§ Stored data entries
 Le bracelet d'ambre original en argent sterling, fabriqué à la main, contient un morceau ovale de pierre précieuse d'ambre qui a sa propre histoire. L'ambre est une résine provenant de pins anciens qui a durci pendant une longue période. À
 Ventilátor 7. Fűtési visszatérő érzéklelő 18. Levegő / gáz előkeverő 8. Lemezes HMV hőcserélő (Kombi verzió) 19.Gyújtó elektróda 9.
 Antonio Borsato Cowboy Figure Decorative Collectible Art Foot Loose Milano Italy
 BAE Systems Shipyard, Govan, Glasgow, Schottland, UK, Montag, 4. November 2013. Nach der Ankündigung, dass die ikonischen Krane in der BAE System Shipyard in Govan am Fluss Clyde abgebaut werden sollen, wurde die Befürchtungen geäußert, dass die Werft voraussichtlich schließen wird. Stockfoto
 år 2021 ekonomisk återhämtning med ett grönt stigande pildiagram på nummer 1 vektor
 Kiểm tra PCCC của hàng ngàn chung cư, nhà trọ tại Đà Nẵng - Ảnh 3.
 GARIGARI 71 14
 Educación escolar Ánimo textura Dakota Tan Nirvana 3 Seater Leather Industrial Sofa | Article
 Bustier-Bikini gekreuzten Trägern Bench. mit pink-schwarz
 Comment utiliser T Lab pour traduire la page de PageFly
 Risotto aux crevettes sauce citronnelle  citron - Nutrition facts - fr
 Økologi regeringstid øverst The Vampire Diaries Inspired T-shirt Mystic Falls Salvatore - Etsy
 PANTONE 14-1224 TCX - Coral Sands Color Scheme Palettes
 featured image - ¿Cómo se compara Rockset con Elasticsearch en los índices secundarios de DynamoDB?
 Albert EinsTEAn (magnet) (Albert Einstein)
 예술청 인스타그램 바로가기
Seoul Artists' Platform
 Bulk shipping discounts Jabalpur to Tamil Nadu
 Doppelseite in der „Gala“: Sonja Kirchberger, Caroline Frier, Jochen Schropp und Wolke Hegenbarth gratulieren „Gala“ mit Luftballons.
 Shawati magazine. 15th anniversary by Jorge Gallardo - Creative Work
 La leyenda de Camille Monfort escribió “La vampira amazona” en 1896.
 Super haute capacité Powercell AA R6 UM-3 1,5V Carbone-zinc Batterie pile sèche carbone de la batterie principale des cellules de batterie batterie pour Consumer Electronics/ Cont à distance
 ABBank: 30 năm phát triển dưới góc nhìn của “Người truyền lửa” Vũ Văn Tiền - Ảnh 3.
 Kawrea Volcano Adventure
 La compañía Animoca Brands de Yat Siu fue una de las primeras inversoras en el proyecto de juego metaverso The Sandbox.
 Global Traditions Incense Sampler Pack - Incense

§ Your objective
Starting at the line that contains "BAE Systems Shipyard, Govan, Glasgow, Schottland, UK, Montag, 4." and stopping after the line that contains "Albert EinsTEAn (magnet) (Albert Einstein)", write out every line exactly as it appears above, and no other line.

§ Final answer
 BAE Systems Shipyard, Govan, Glasgow, Schottland, UK, Montag, 4. November 2013. Nach der Ankündigung, dass die ikonischen Krane in der BAE System Shipyard in Govan am Fluss Clyde abgebaut werden sollen, wurde die Befürchtungen geäußert, dass die Werft voraussichtlich schließen wird. Stockfoto
 år 2021 ekonomisk återhämtning med ett grönt stigande pildiagram på nummer 1 vektor
 Kiểm tra PCCC của hàng ngàn chung cư, nhà trọ tại Đà Nẵng - Ảnh 3.
 GARIGARI 71 14
 Educación escolar Ánimo textura Dakota Tan Nirvana 3 Seater Leather Industrial Sofa | Article
 Bustier-Bikini gekreuzten Trägern Bench. mit pink-schwarz
 Comment utiliser T Lab pour traduire la page de PageFly
 Risotto aux crevettes sauce citronnelle  citron - Nutrition facts - fr
 Økologi regeringstid øverst The Vampire Diaries Inspired T-shirt Mystic Falls Salvatore - Etsy
 PANTONE 14-1224 TCX - Coral Sands Color Scheme Palettes
 featured image - ¿Cómo se compara Rockset con Elasticsearch en los índices secundarios de DynamoDB?
 Albert EinsTEAn (magnet) (Albert Einstein)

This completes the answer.